Usually, any process in which the system moves from one state to another, occurs in a way that can not be done this process in the opposite direction so that the system passed through the same intermediate states, while in others the bodies are not any changes. This is due to the fact that in the process of the energy is dissipated, for example, due to friction, radiation, etc. Thus. almost all processes in nature are irreversible. In any process of the energy is lost. To characterize the energy dissipation is introduced the concept of entropy. (The entropy characterizes the thermal state of the system and determines the probability of a given state of the body. The more likely this condition, the greater the entropy.) All natural processes are accompanied by an increase in entropy. Entropy is constant only in the case of an idealized reversible process that occurs in a closed system, ie a system in which there is an exchange of energy with the external to this system bodies.

Thermodynamic entropy and its meaning:

 

Entropy - is a function of the system, an infinitesimal change in a reversible process which is the ratio of the infinitesimal amount of heat introduced into the process, to the temperature at which it was introduced.

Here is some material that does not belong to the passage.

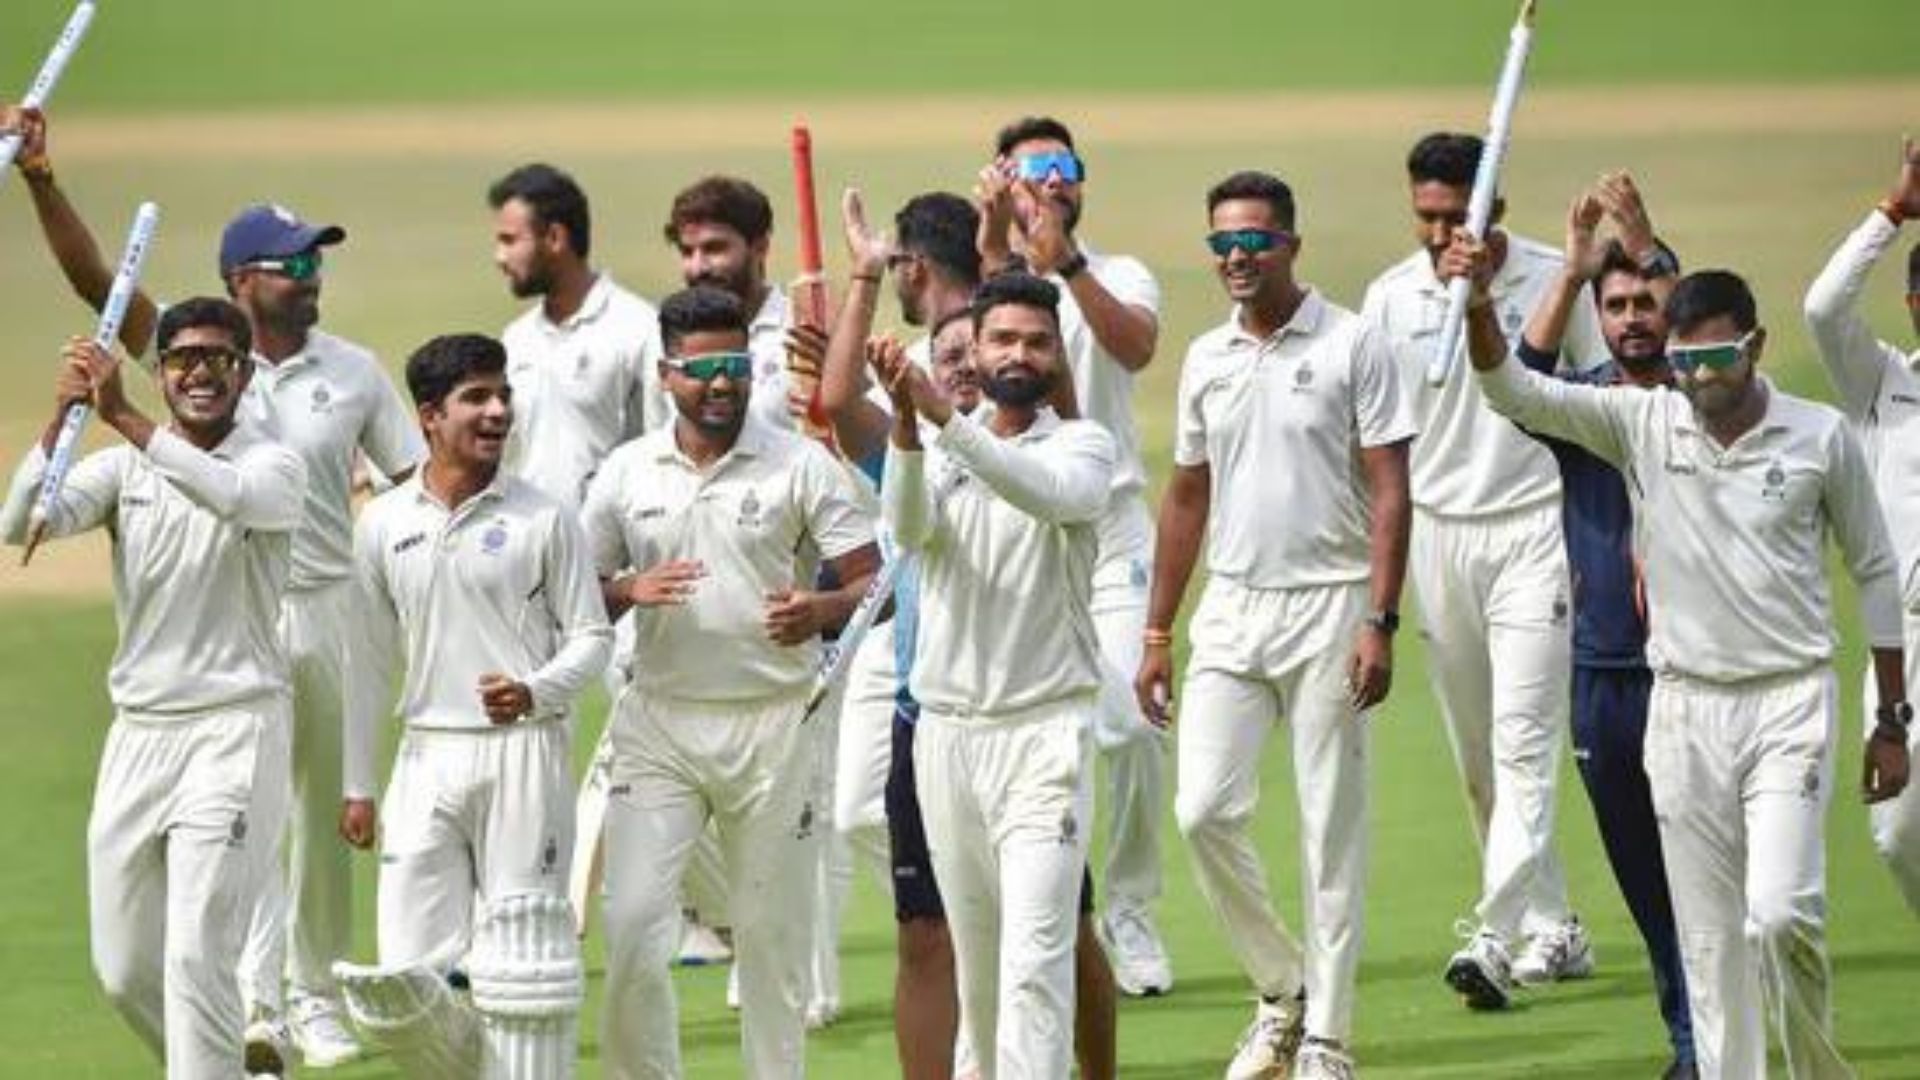 Kumar Kartikeya and other MP players celebrating after historic Ranji Trophy title. (P.C.:BCCI)

All in a reversible process the entropy change can be calculated by the formula:

 

where the integration is one of the initial state 1 of the system to the final state 2.
Since entropy is a state function, the integral  is the property of its independence from the shape of the contour (path), on which it is calculated, so the integral is determined only by the initial and final states of the system.

In any reversible process the change in entropy is equal to 0

                       (1)

2) In thermodynamics, it is proved that the system undergoes irreversible S cycle increases

ΔS> 0 (2)

Equations (1) and (2) apply only to closed systems, but if the system is exchanged heat with the environment, its S can behave in any way.

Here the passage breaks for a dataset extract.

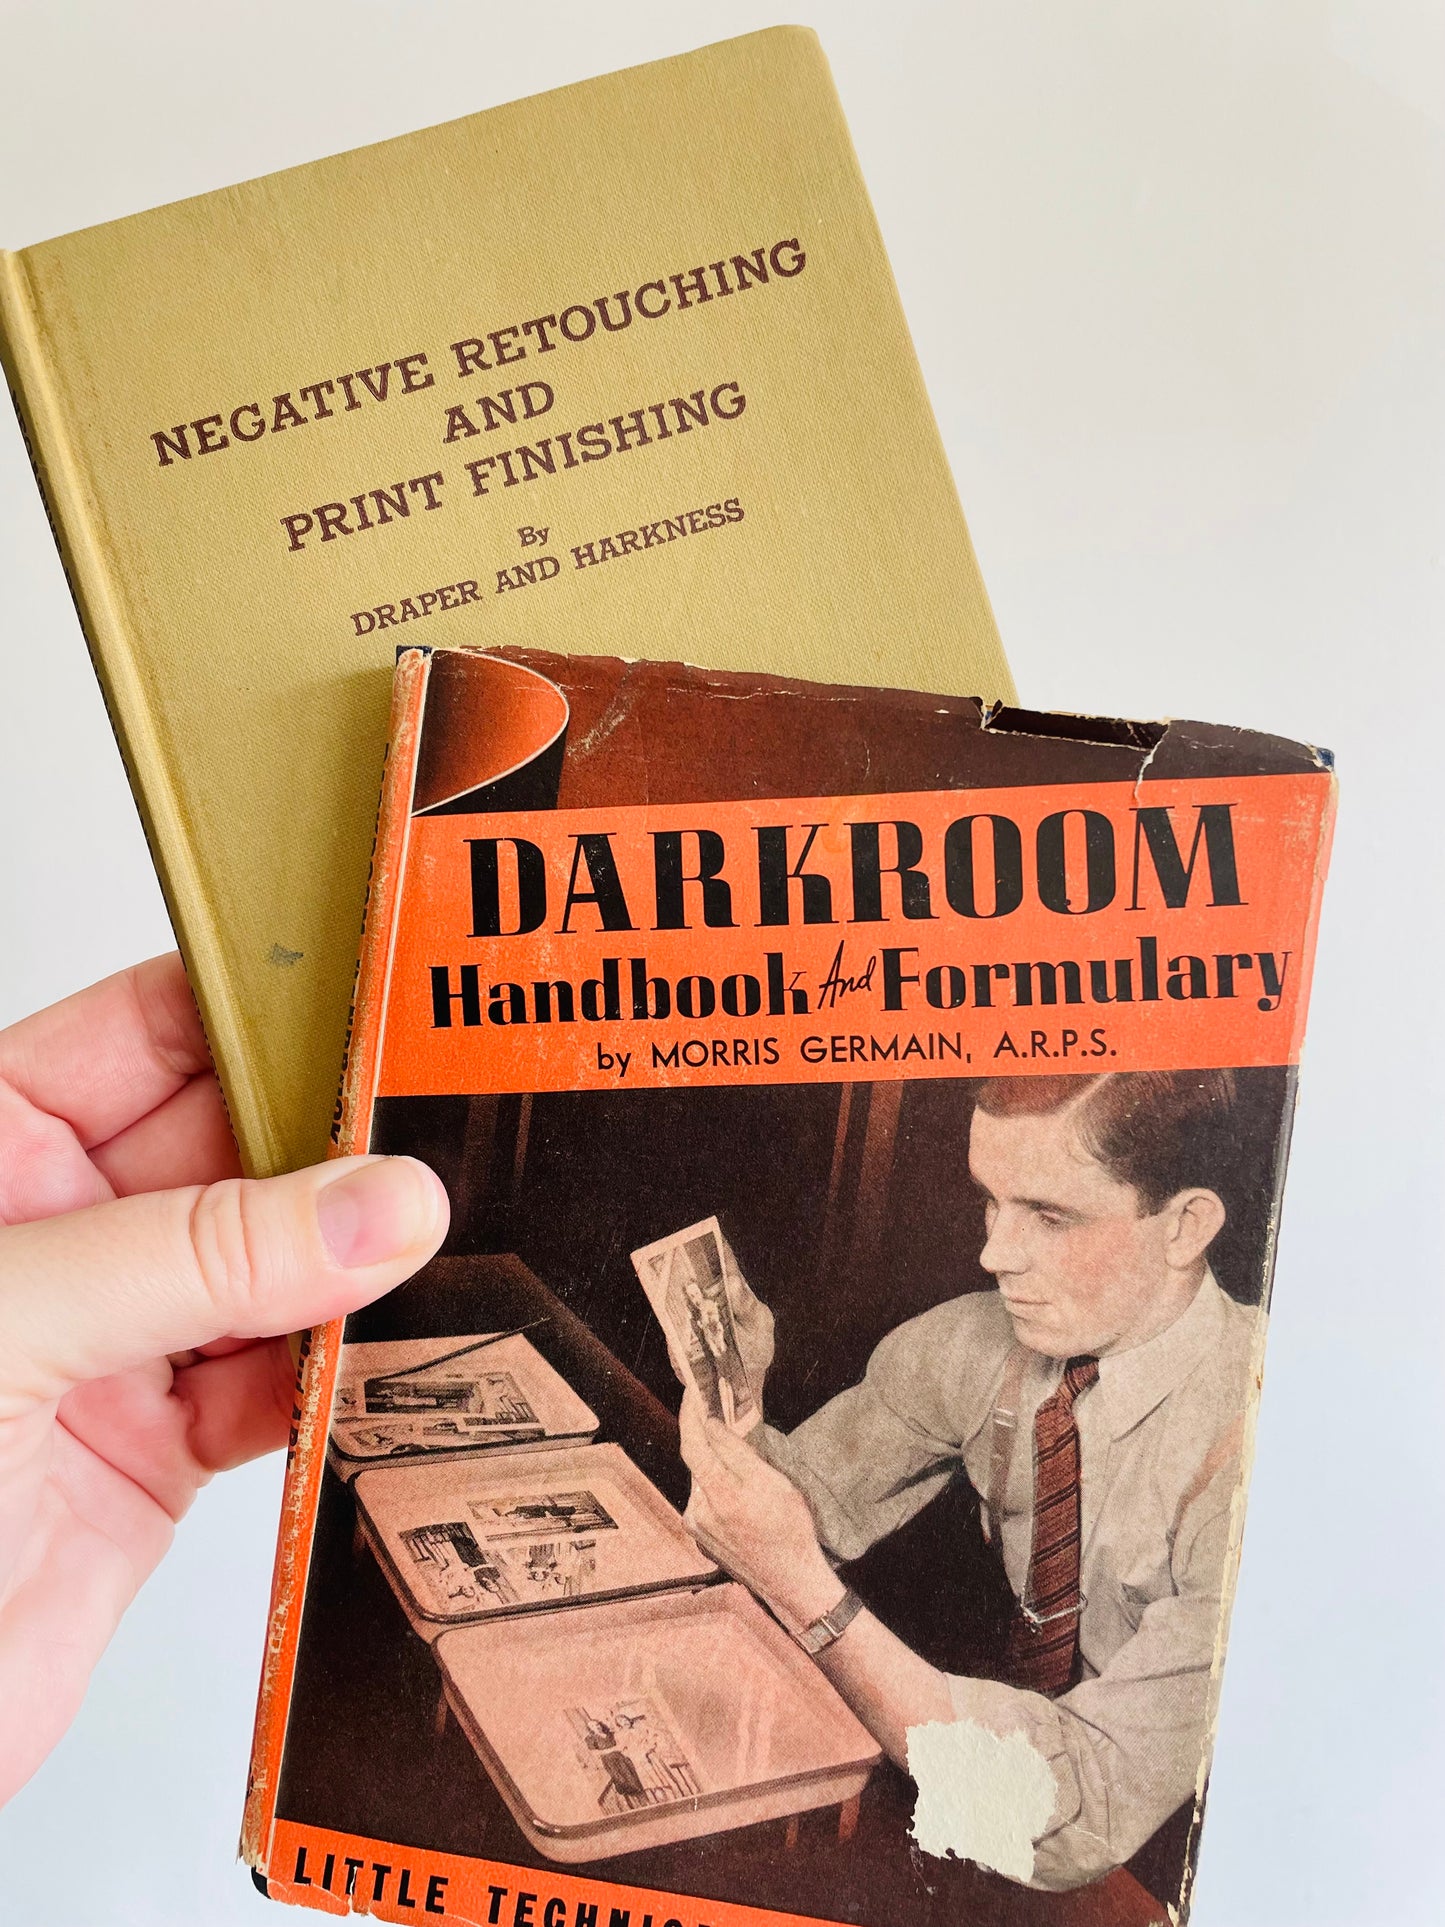 1940s Little Technical Library Hardcover Photography Pocket Books - Negative Retouching & Print Finishing and Darkroom Handbook & Formulary - Set of 2

Of (1) and (2) can be written as the Clausius inequality

ΔS ≥ 0

ie entropy of a closed system can either increase (in the case of irreversible processes) or remain constant (in the case of reversible processes).

If the system performs the equilibrium transition from state 1 to state 2, the entropy change

where dU and δA is recorded for a particular process. According to this formula ΔS is determined up to an additive constant. The physical meaning is not the entropy, entropy difference. We find the entropy change in the process of an ideal gas.

 

 

 

 

ie changes in the entropy S ΔS1 → 2  ideal gas at its transition from state 1 to state 2 is independent of the process.

Because for an adiabatic process δQ = 0, ΔS = 0 => S = const, ie adiabatic reversible process takes place at constant entropy. So it is called isentropic.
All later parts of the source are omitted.